■ The problem: Would you restate the listing word for word, with the images omitted?

■ Provided data:
-.-.-

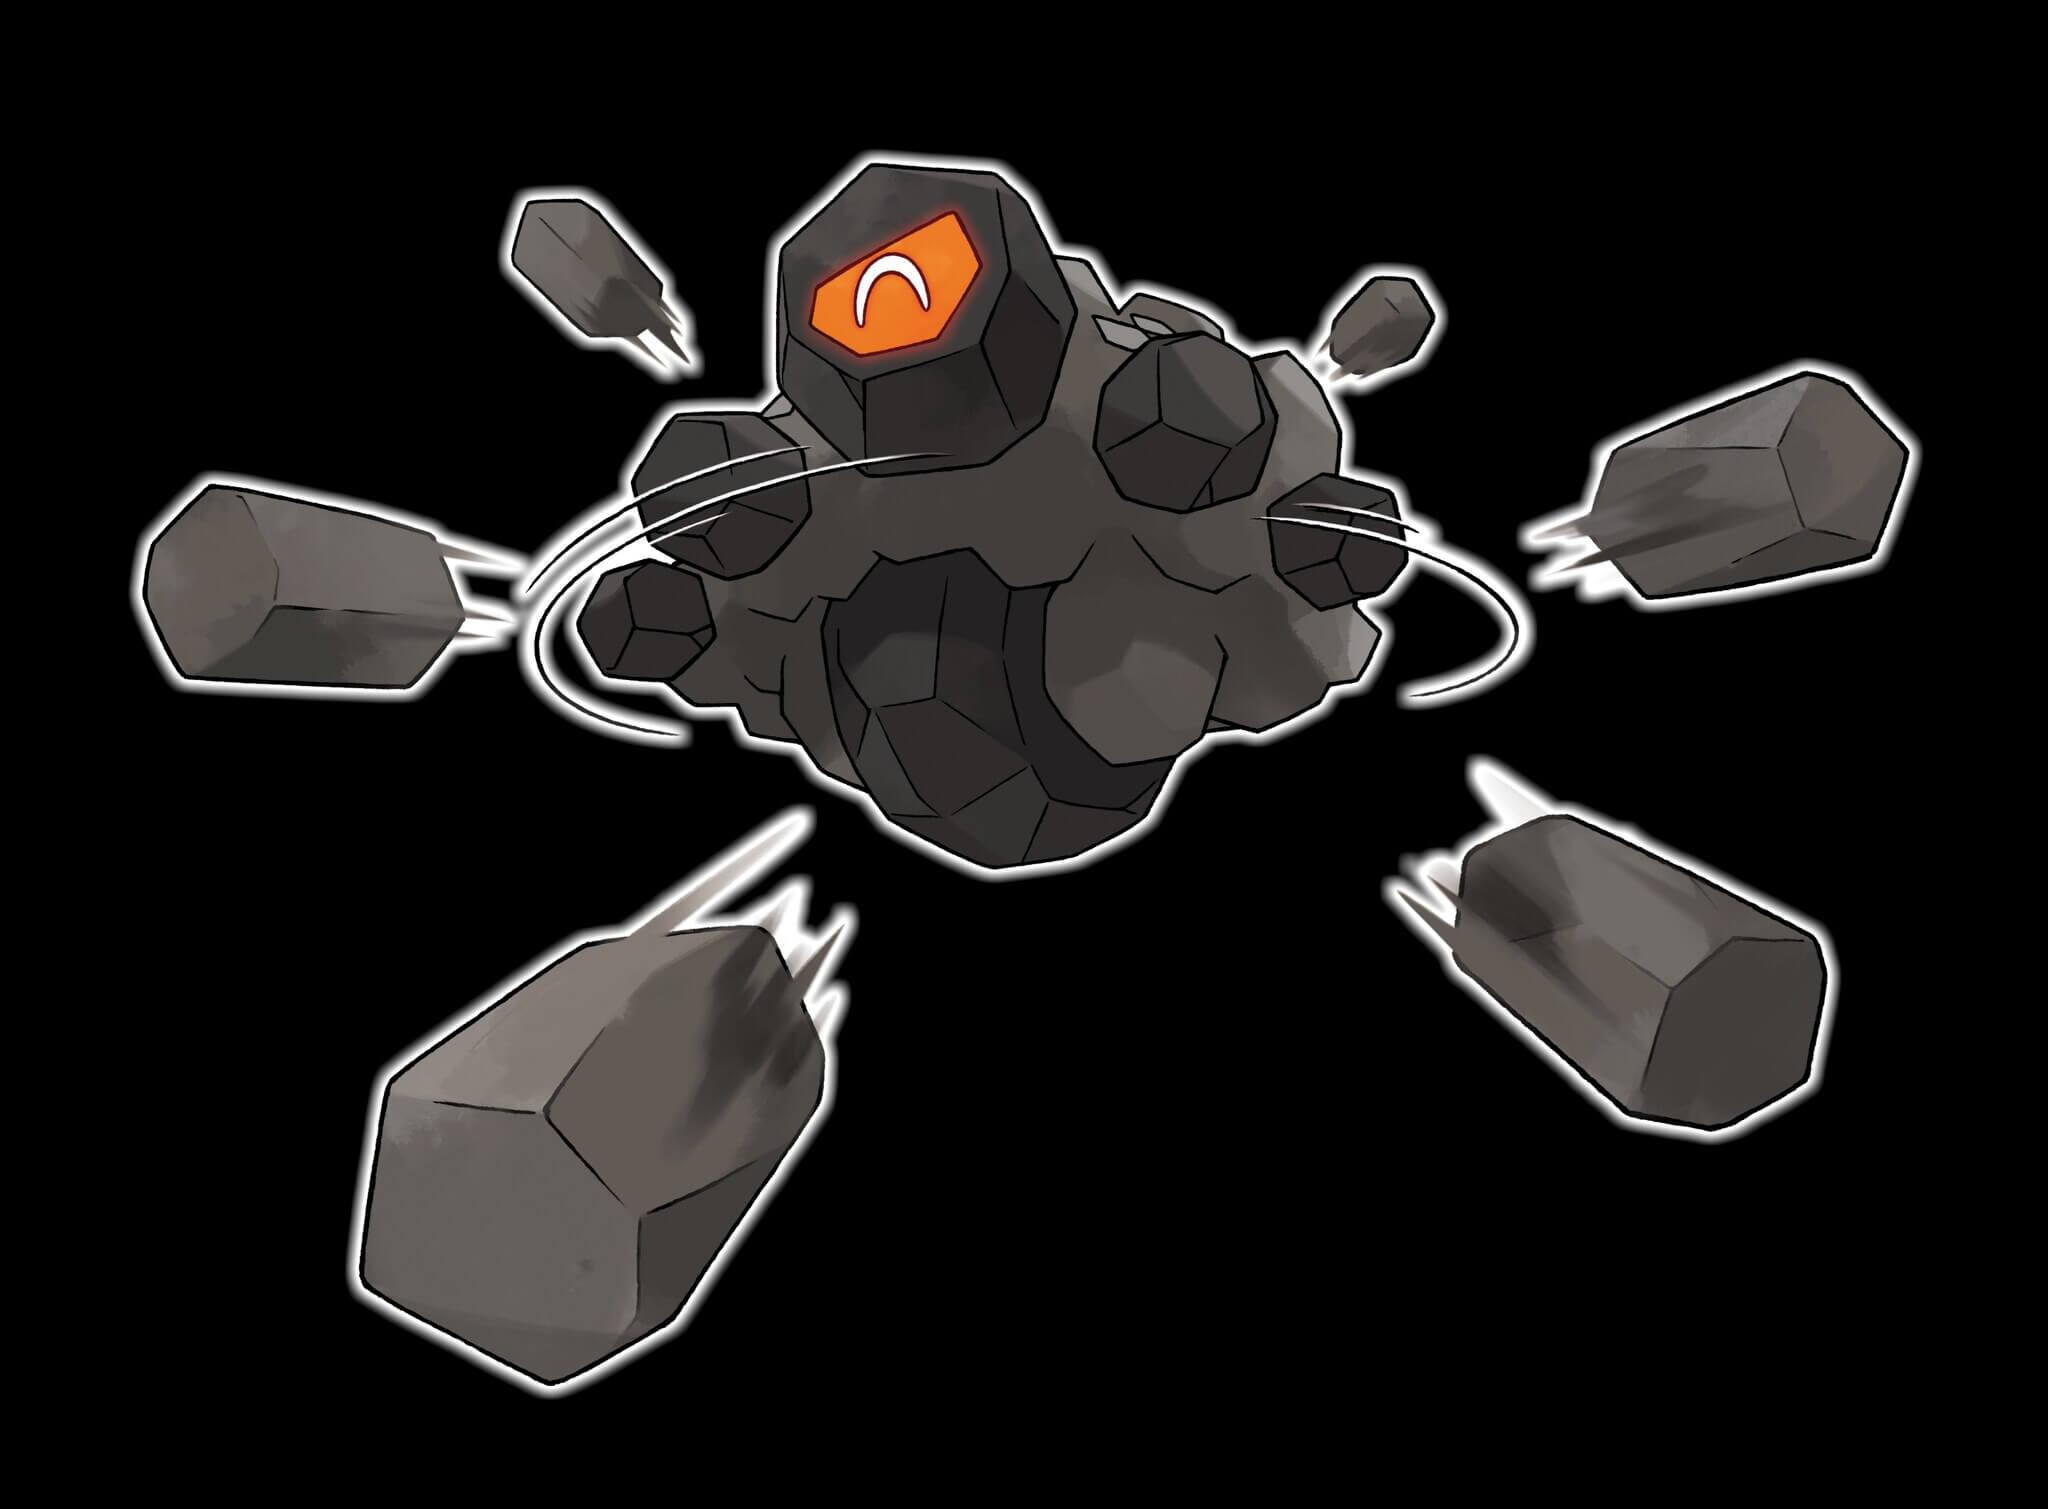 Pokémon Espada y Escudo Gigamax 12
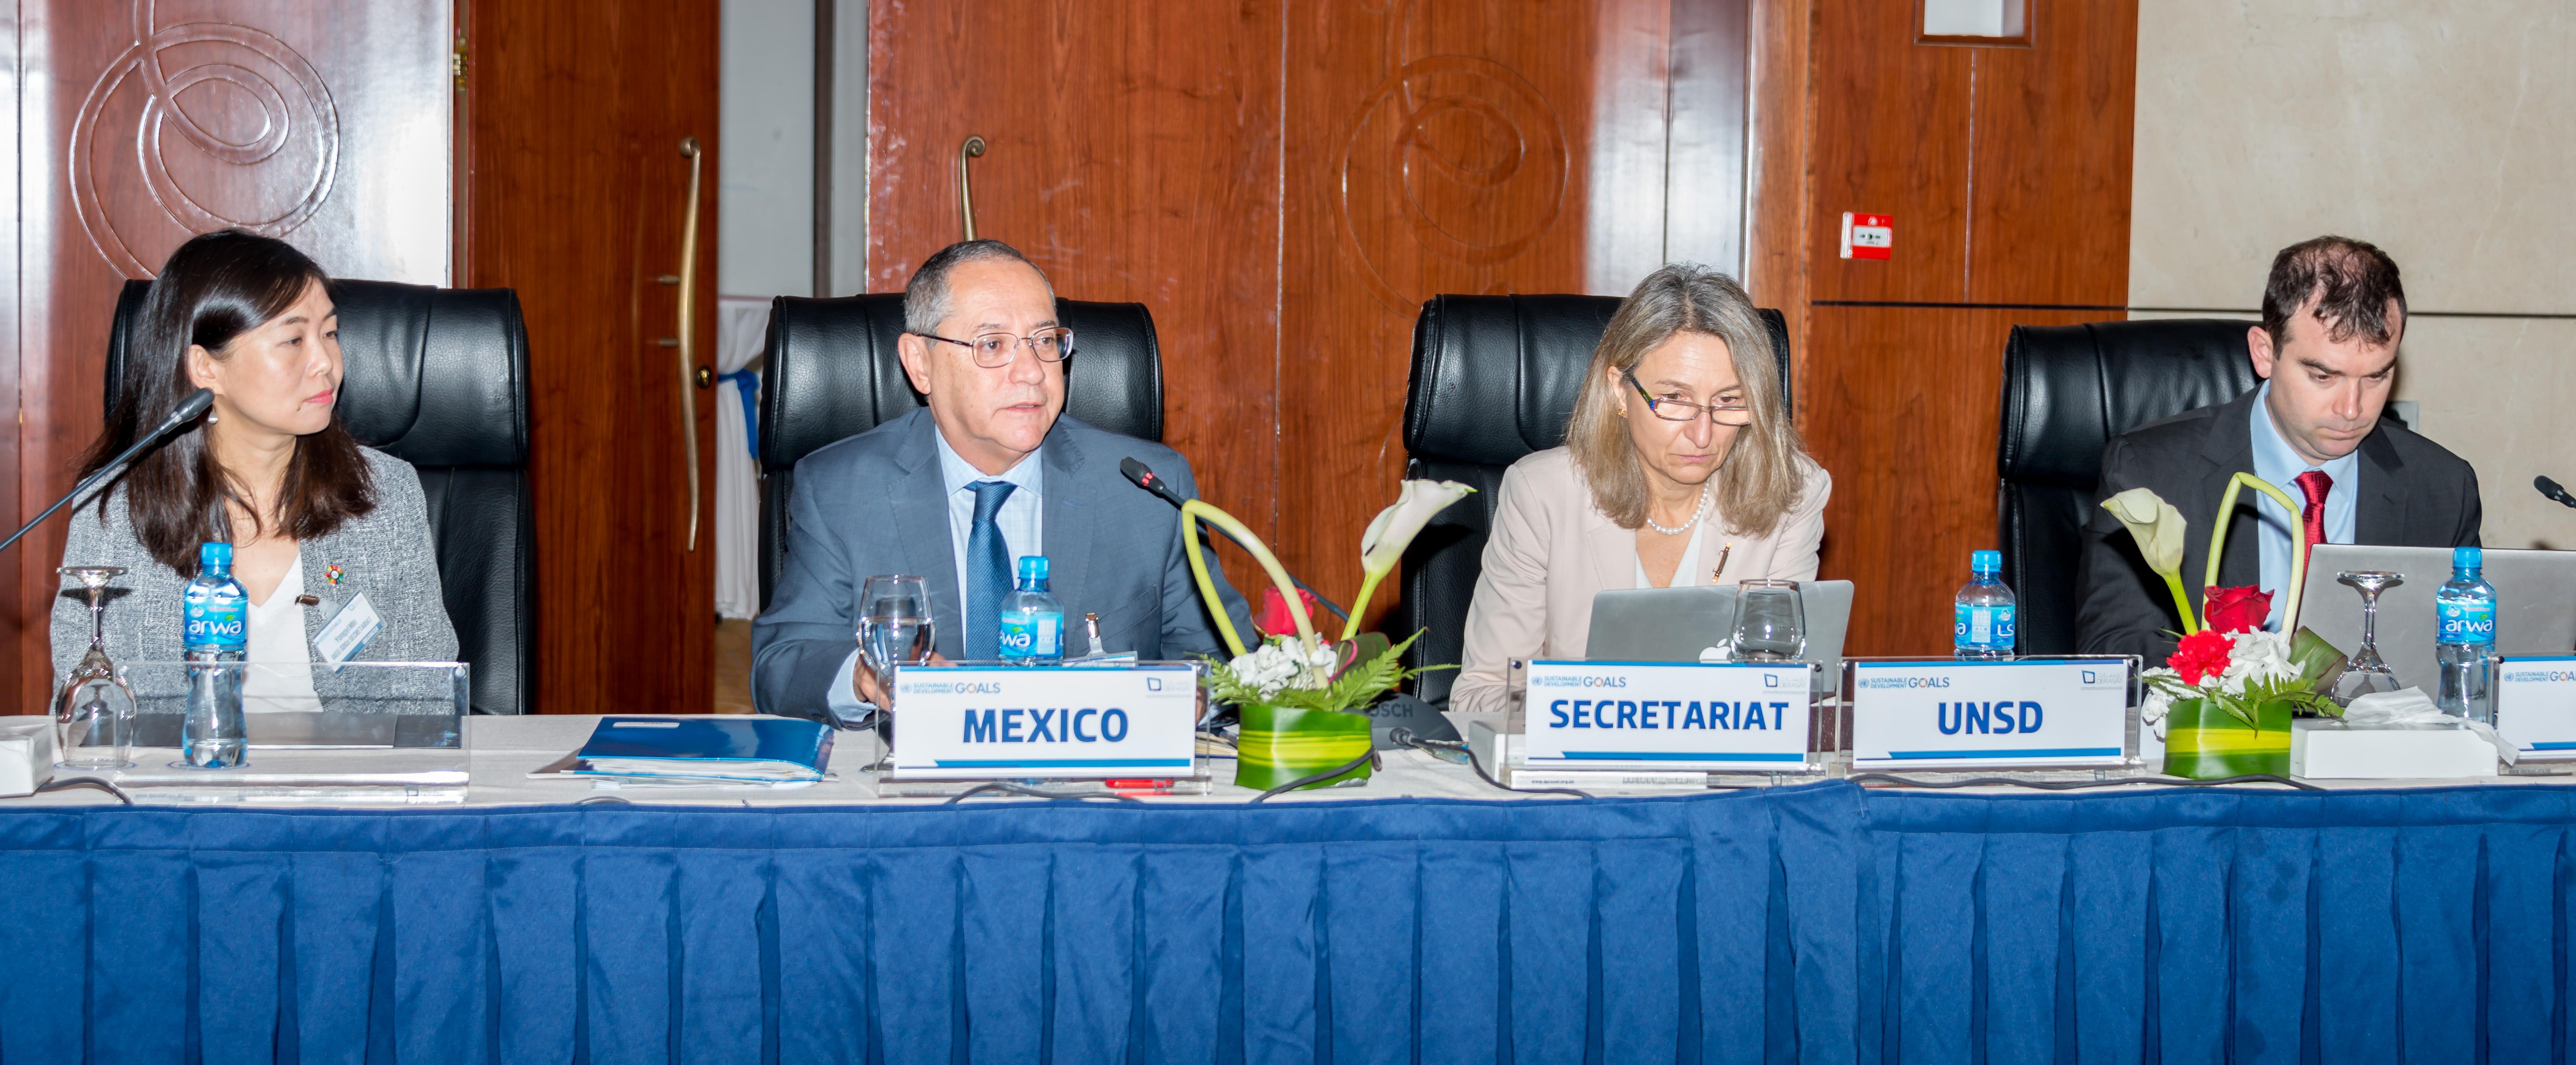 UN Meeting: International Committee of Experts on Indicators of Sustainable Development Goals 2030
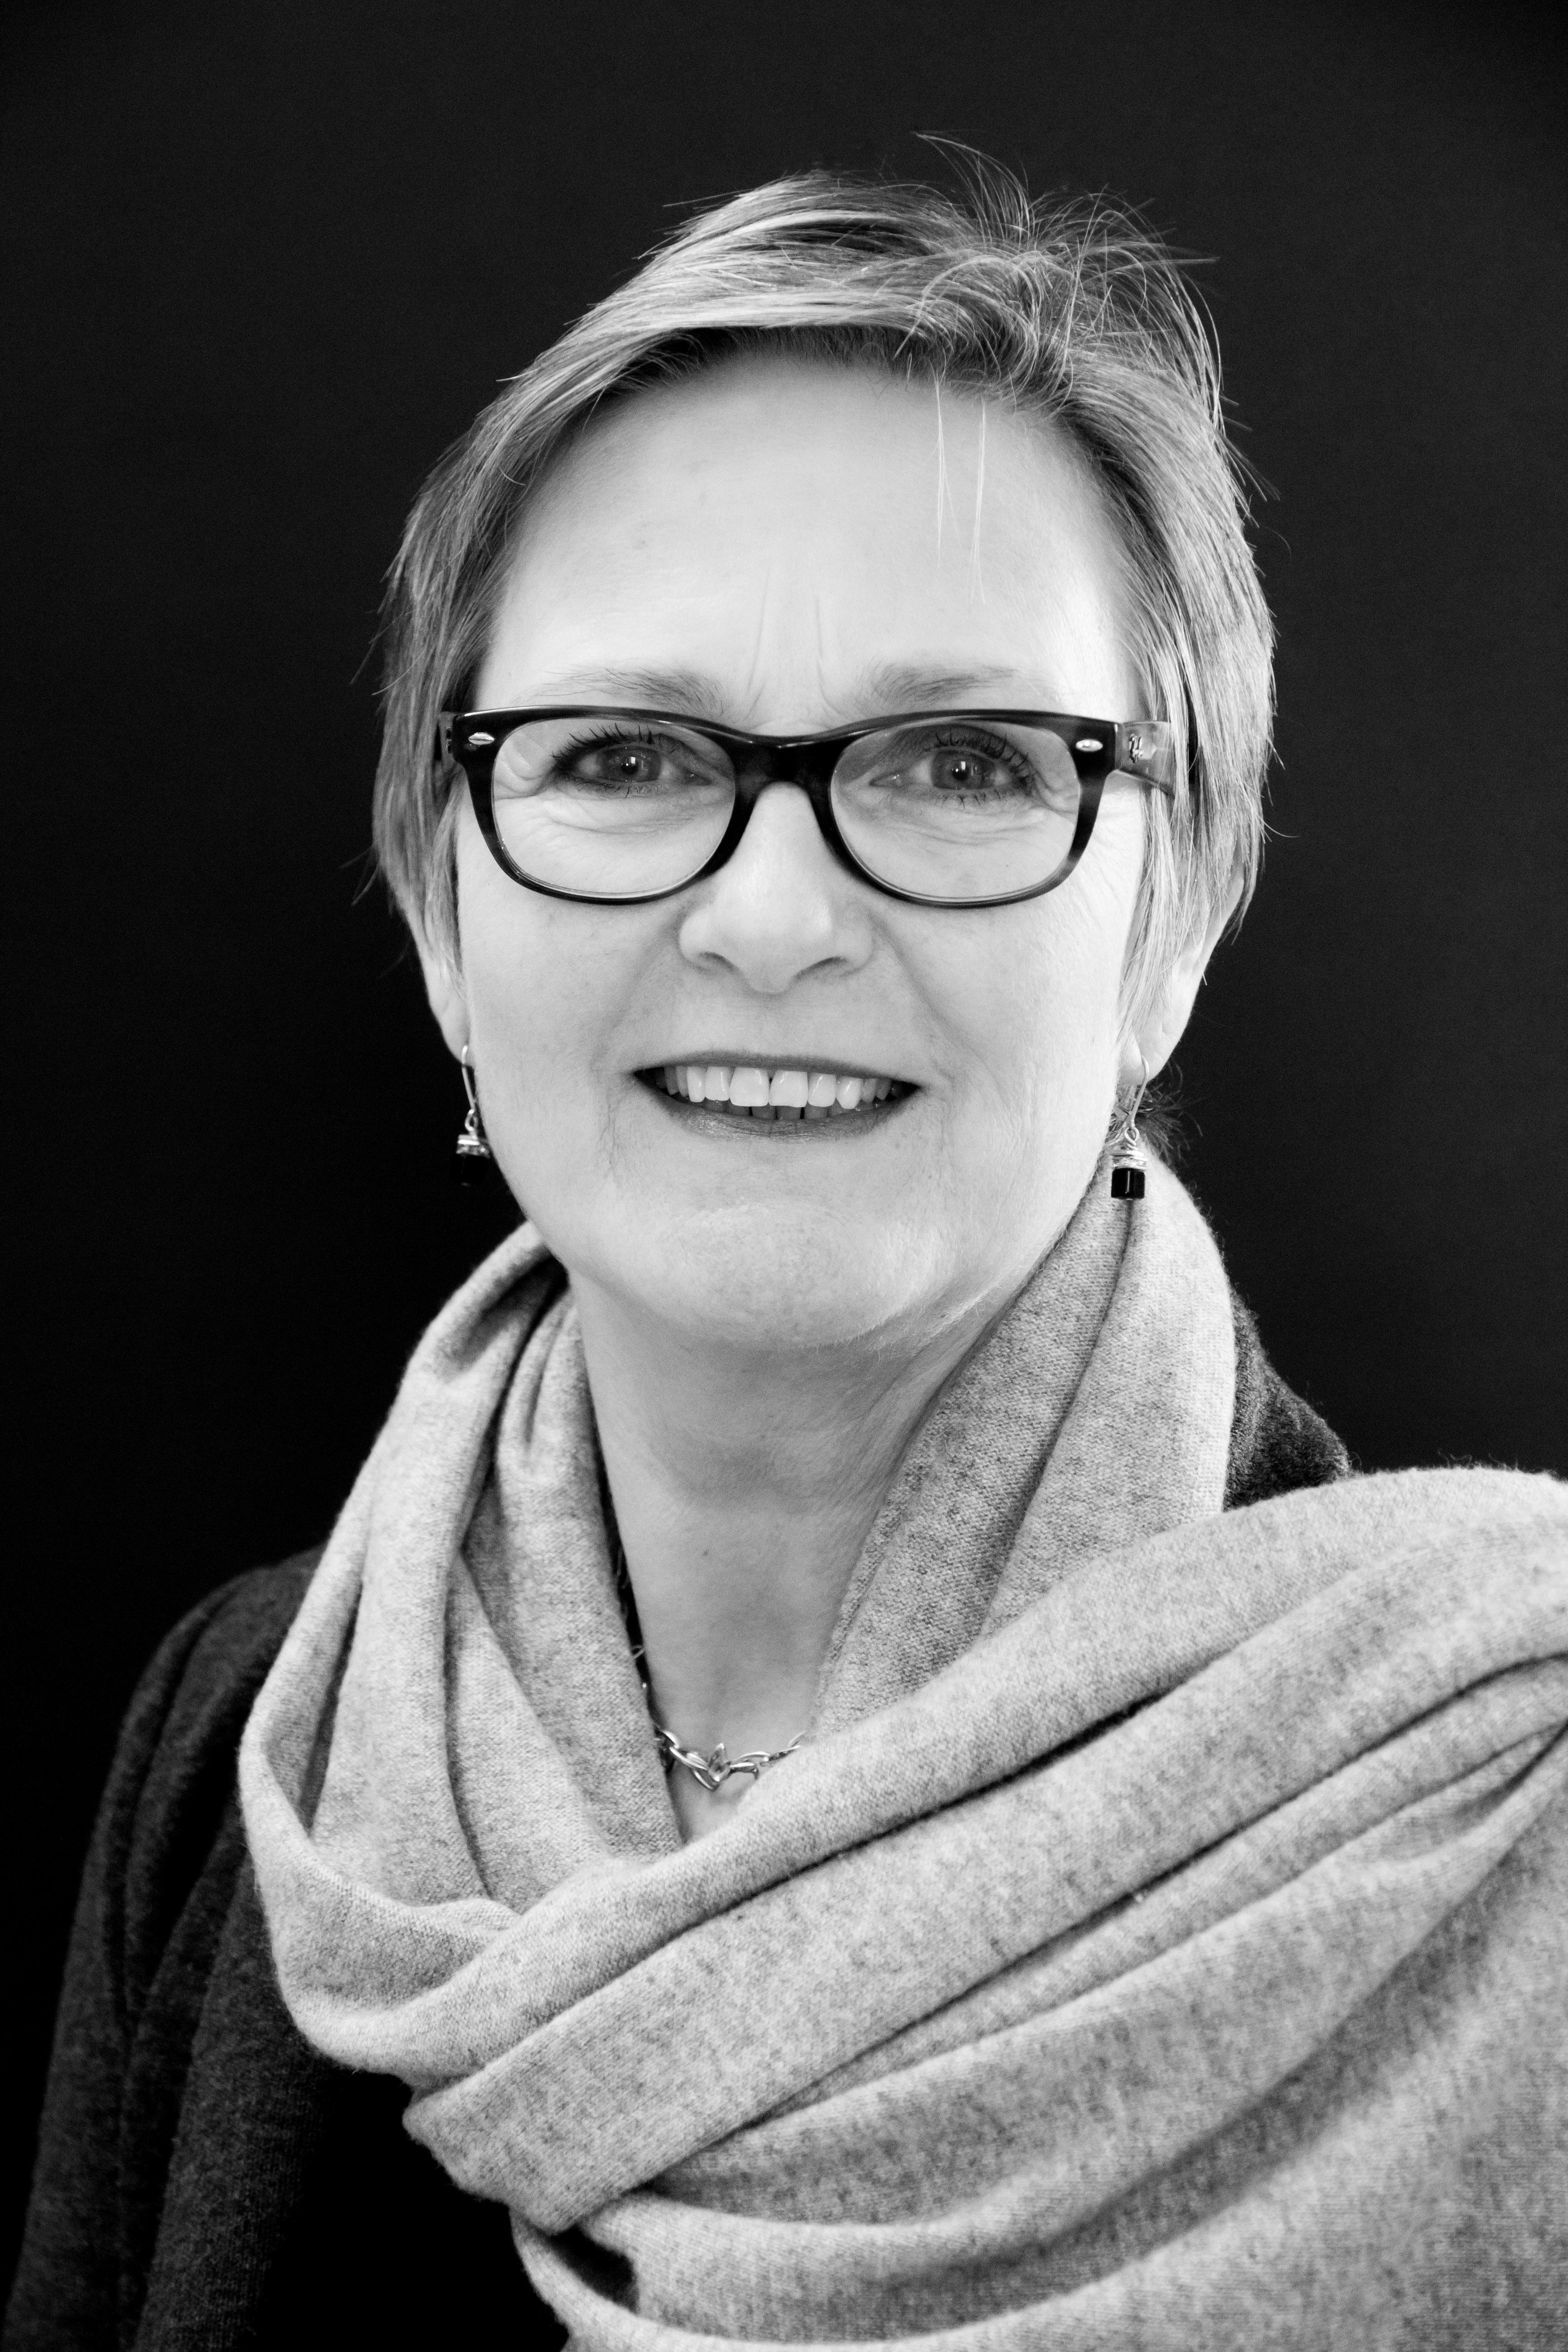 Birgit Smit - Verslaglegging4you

-.-.-

■ Answer:
 Pokémon Espada y Escudo Gigamax 12
 UN Meeting: International Committee of Experts on Indicators of Sustainable Development Goals 2030
 Birgit Smit - Verslaglegging4you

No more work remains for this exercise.